_Your instructions_: Every line of the material below needs to be copied exactly; omit the pictures.

_Data_:
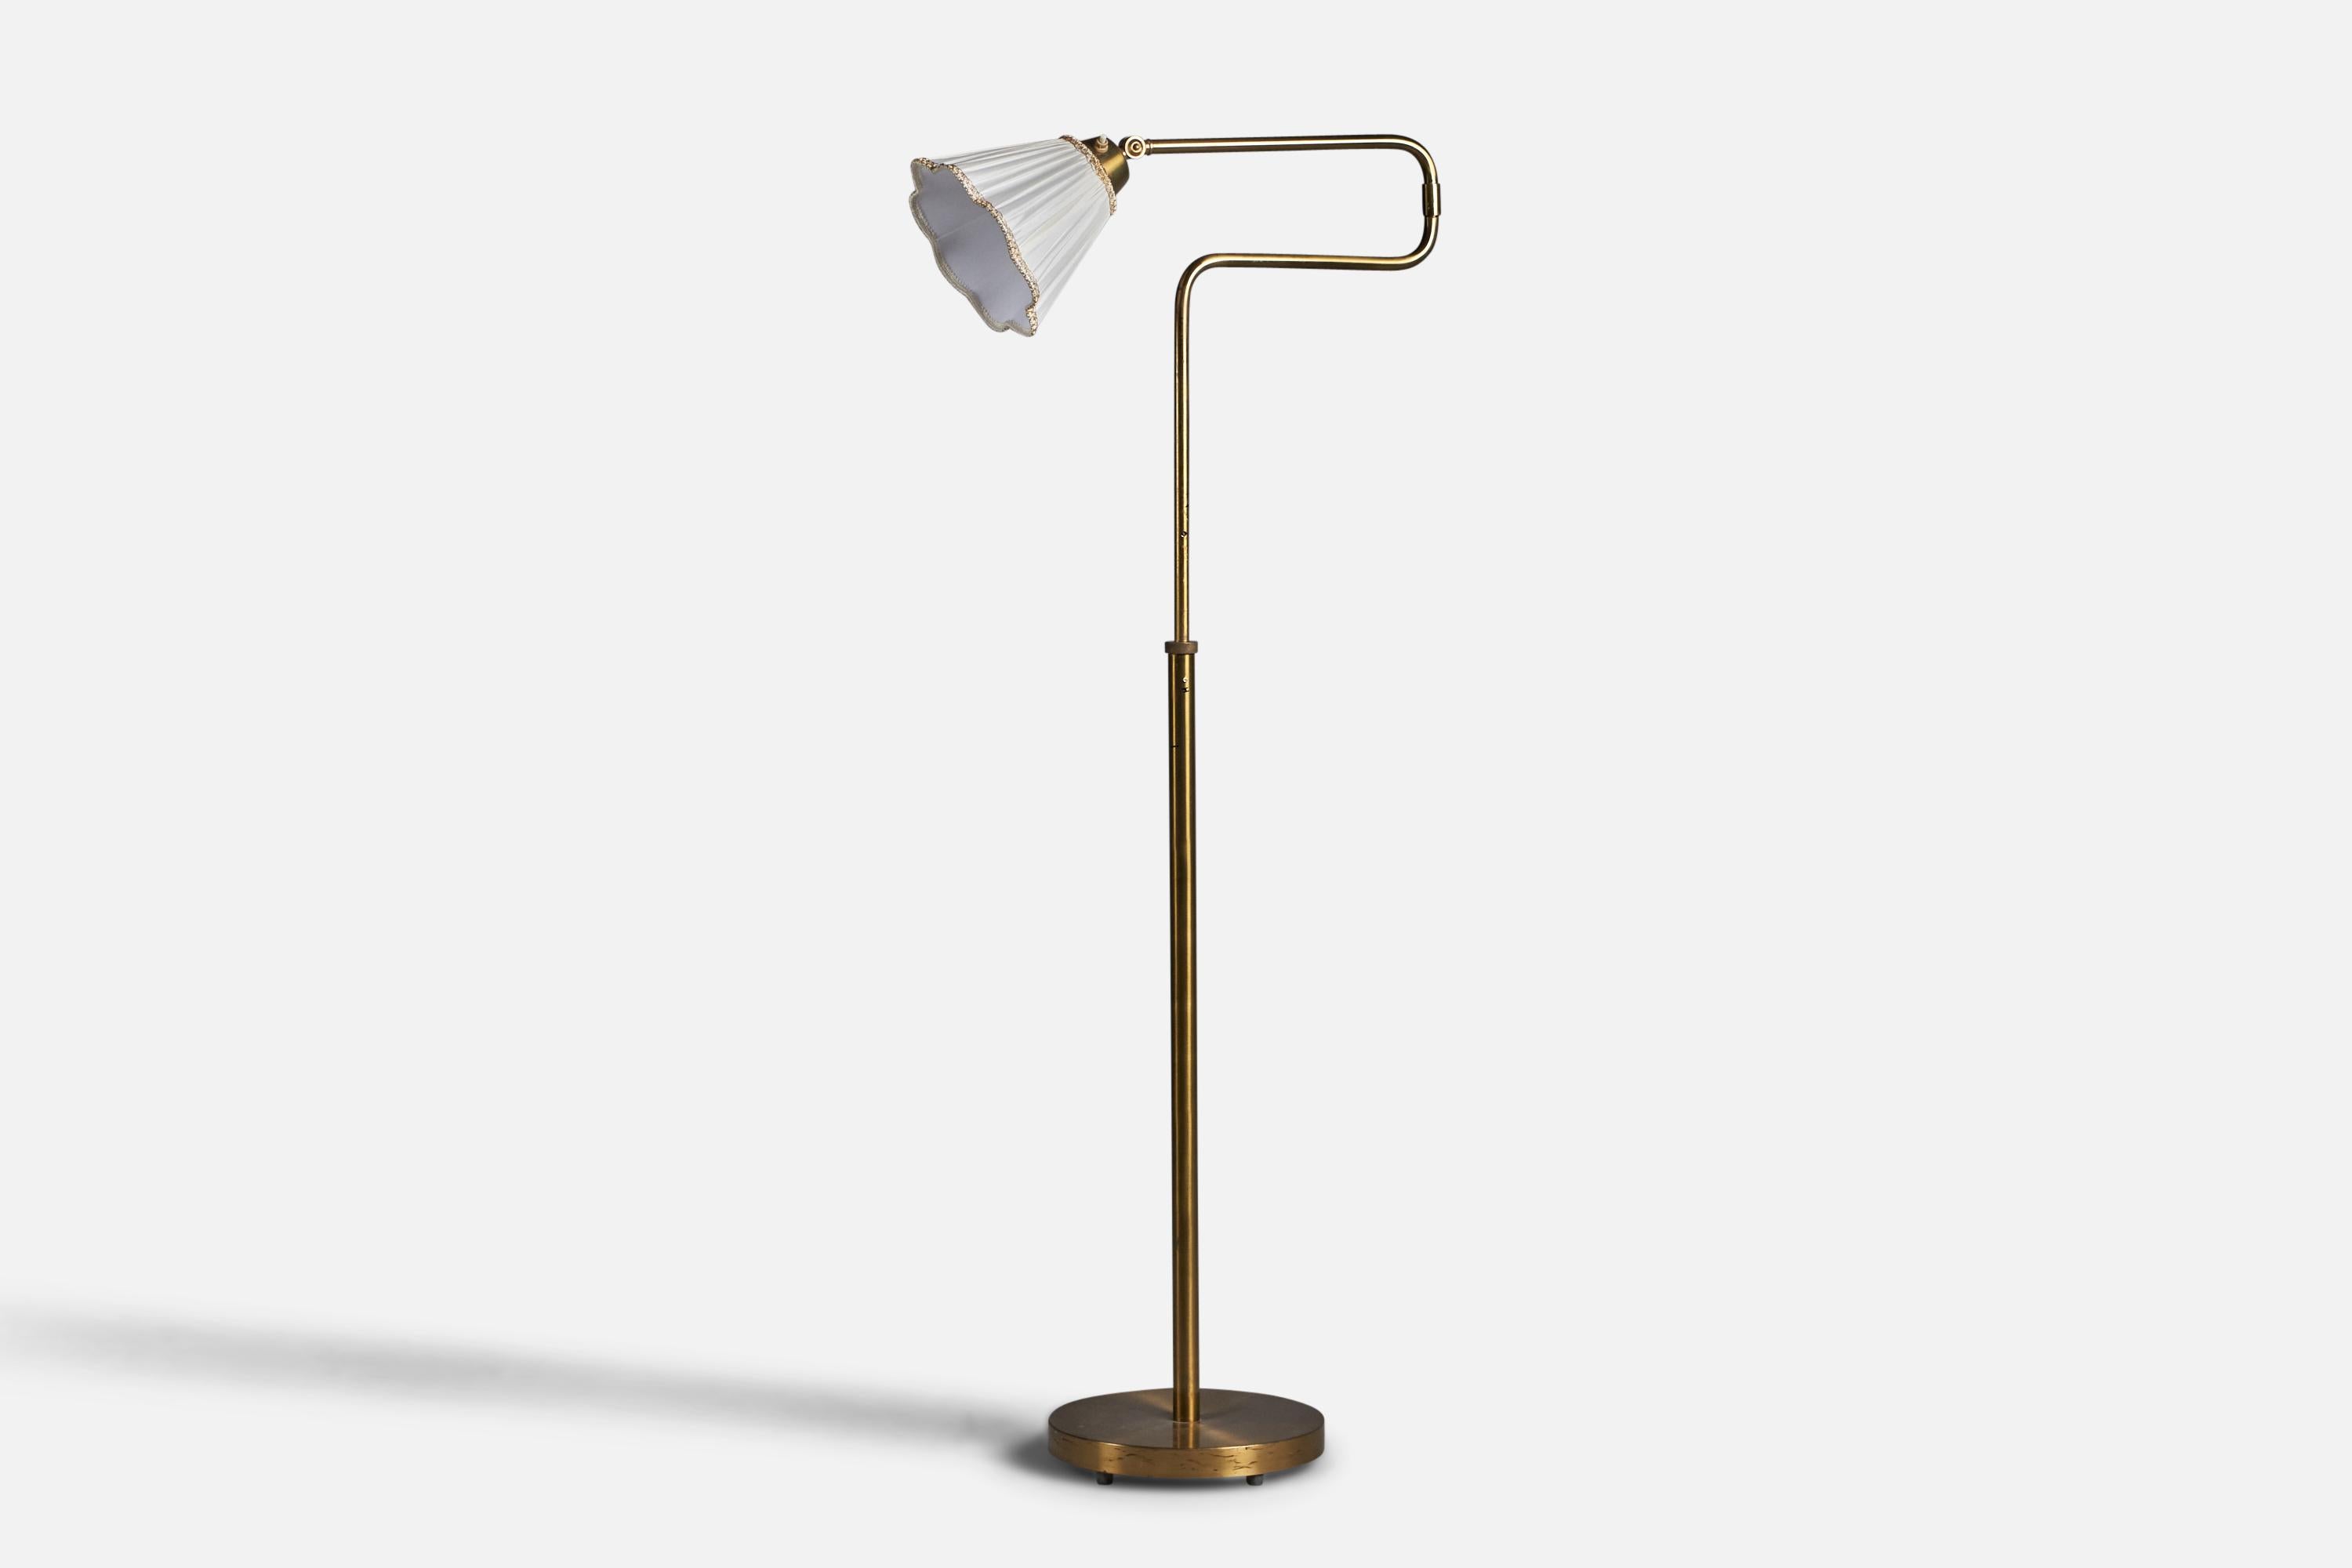 An adjustable brass and fabric floor lamp designed and produced by Nordiska Kompaniet, Sweden, 1940s.

Overall Dimensions (inches): 55.25” H x 11.5” W x 23.5” D
Dimensions variable. Adjustability of height fixed in to two positions, inquire for more
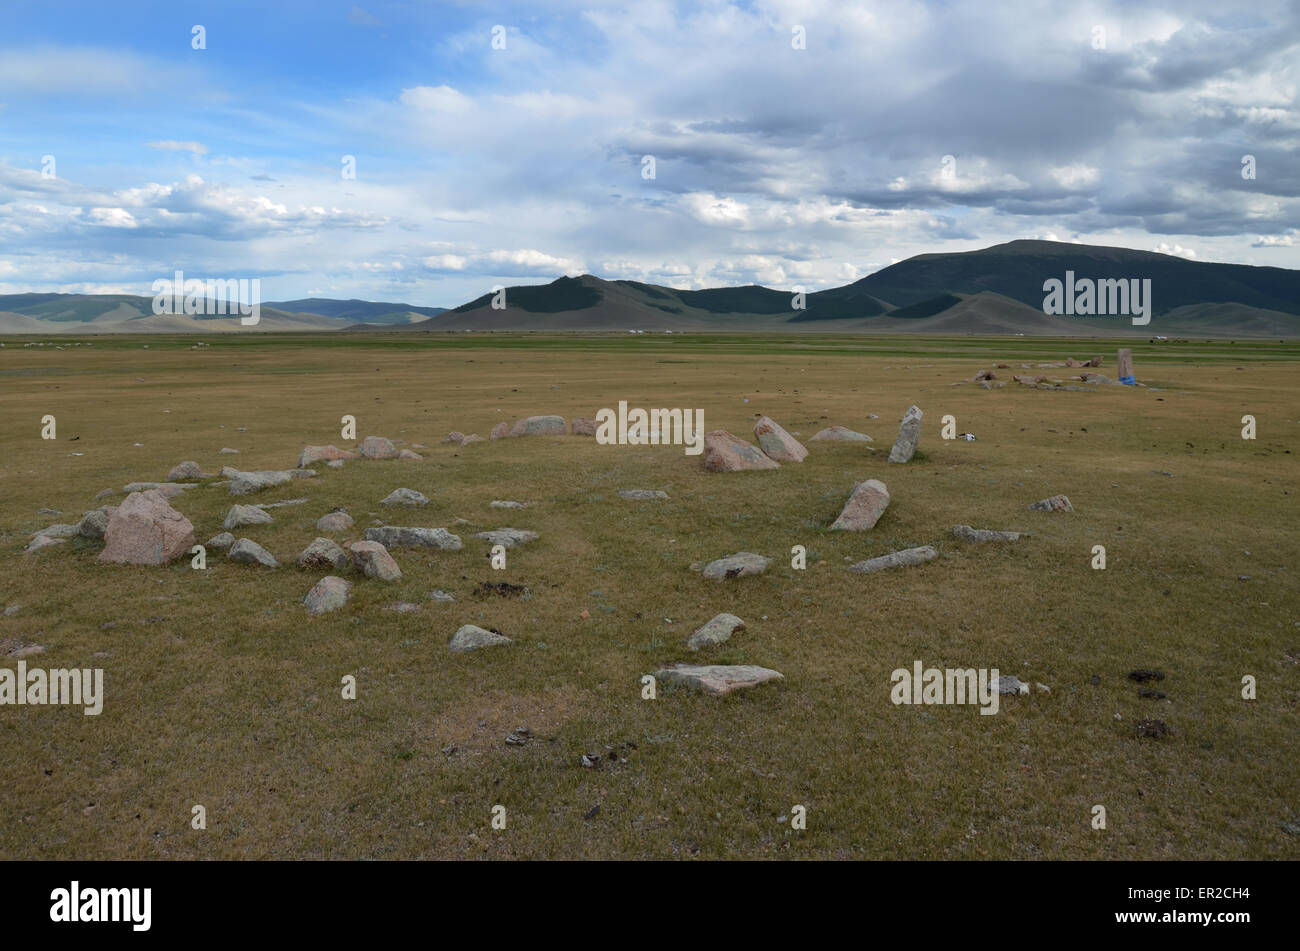 Burial mound in the Arhangay province, Mongolia. Stock Photo

_Result for this task_:
 An adjustable brass and fabric floor lamp designed and produced by Nordiska Kompaniet, Sweden, 1940s.

Overall Dimensions (inches): 55.25” H x 11.5” W x 23.5” D
Dimensions variable. Adjustability of height fixed in to two positions, inquire for more
 Burial mound in the Arhangay province, Mongolia. Stock Photo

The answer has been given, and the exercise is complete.